While sitting in a math class, you become curious and decide to put the math and your physics to work in a practical way. If you can shoot a spit-wad from a straw with a total speed of 6 m/s, at what angle would you have to shoot it in order for it to hit a blackboard that is 1 m from you, at a height that is even with your mouth? Keep in mind a trig identity: 2sin theta cos theta = sin2theta.

Question

While sitting in a math class, you become curious and decide to put the math and your physics to work in a practical way.  If you can shoot a spit-wad from a straw with a total speed of 6 m/s, at what angle would you have to shoot it in order for it to hit a blackboard that is 1 m from you, at a height that is even with your mouth?  Keep in mind a trig identity:  2sin theta cos theta  =  sin2theta.

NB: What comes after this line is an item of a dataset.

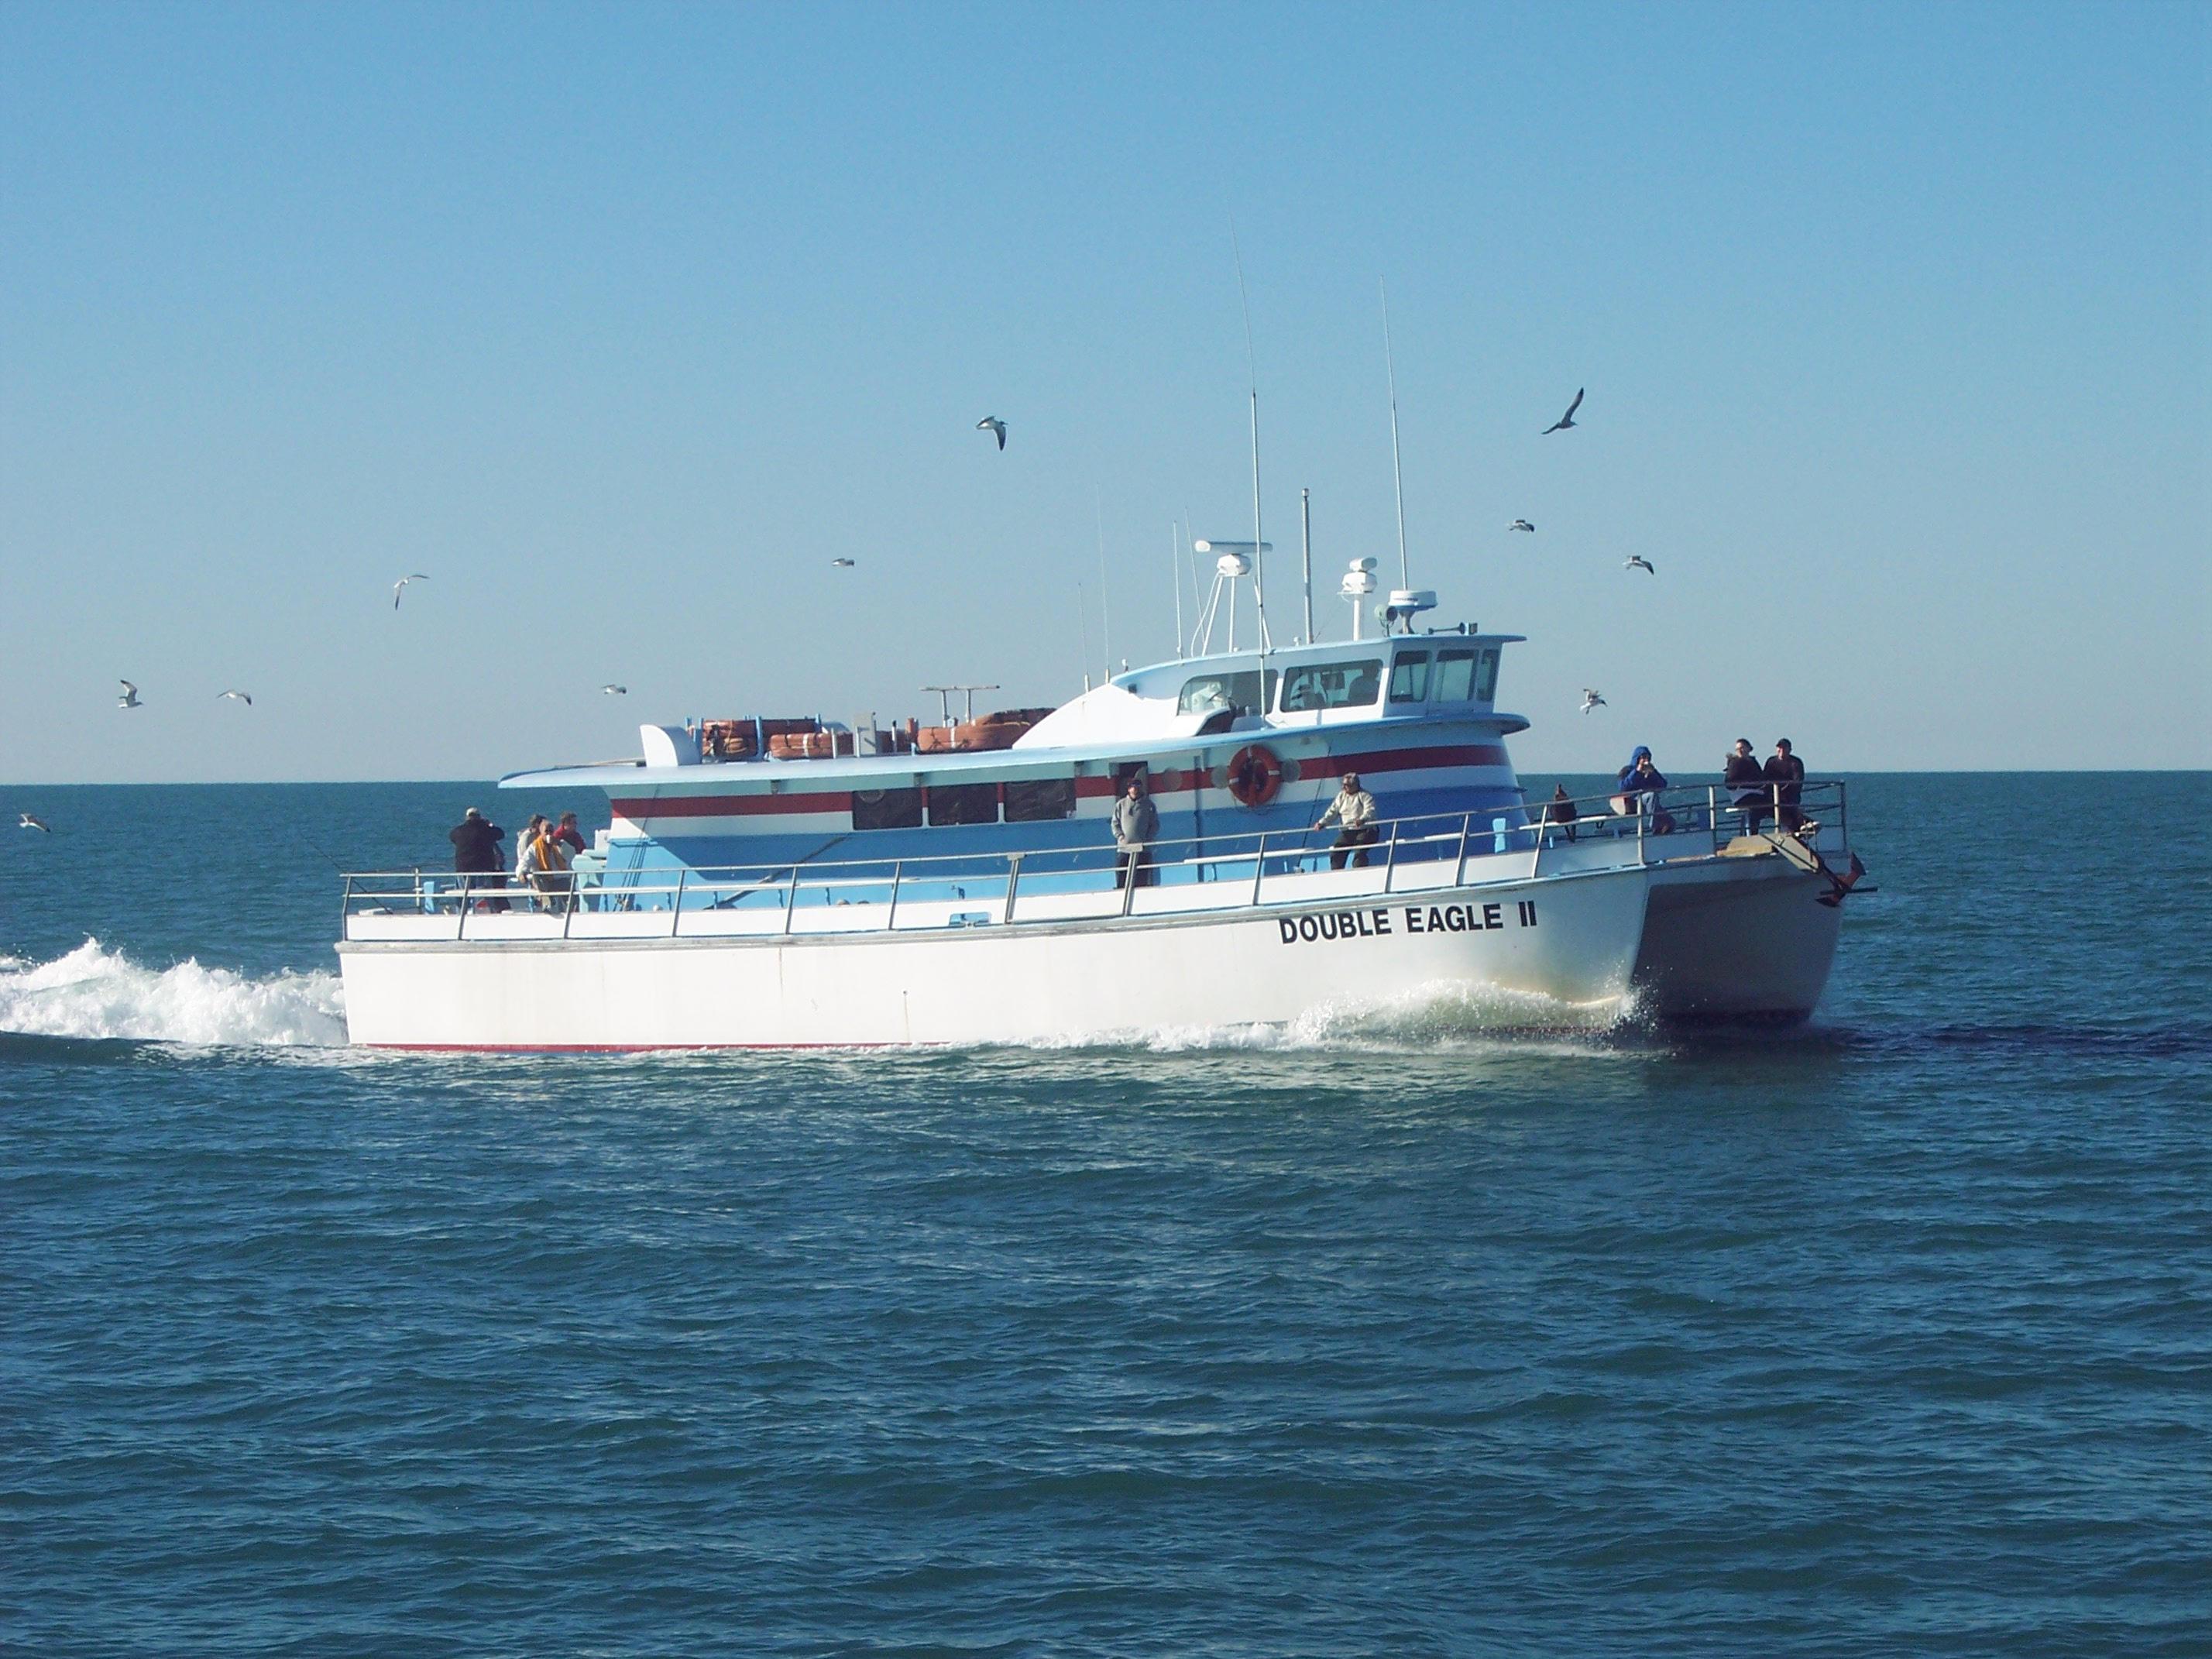 Boat at Deep Sea Fishing near Shephard's Beach Resort

First off, why does it even have to be pointed at an angle (as opposed to straight ahead), and what is the approach to finding the angle once I've drawn it out, considering the velocity?

bobpursley · Answer

find time in air:
in the vertical direction:
hf=hi+6sinTheta*t-4.9t^2
but hf=hi=0, so t= 6sinTheta/4.9
in the horizontal direction:
distance=velocity*time
1m=6cosTheta*6sinTheta/4.9
Now you can use the angle formula you were given.

Steve · Answer

the article in wikipedia on Trajectory explains this well. And of course there has to be an angle. It takes some time for the spit wad to get to the target, and it drops during that interval ...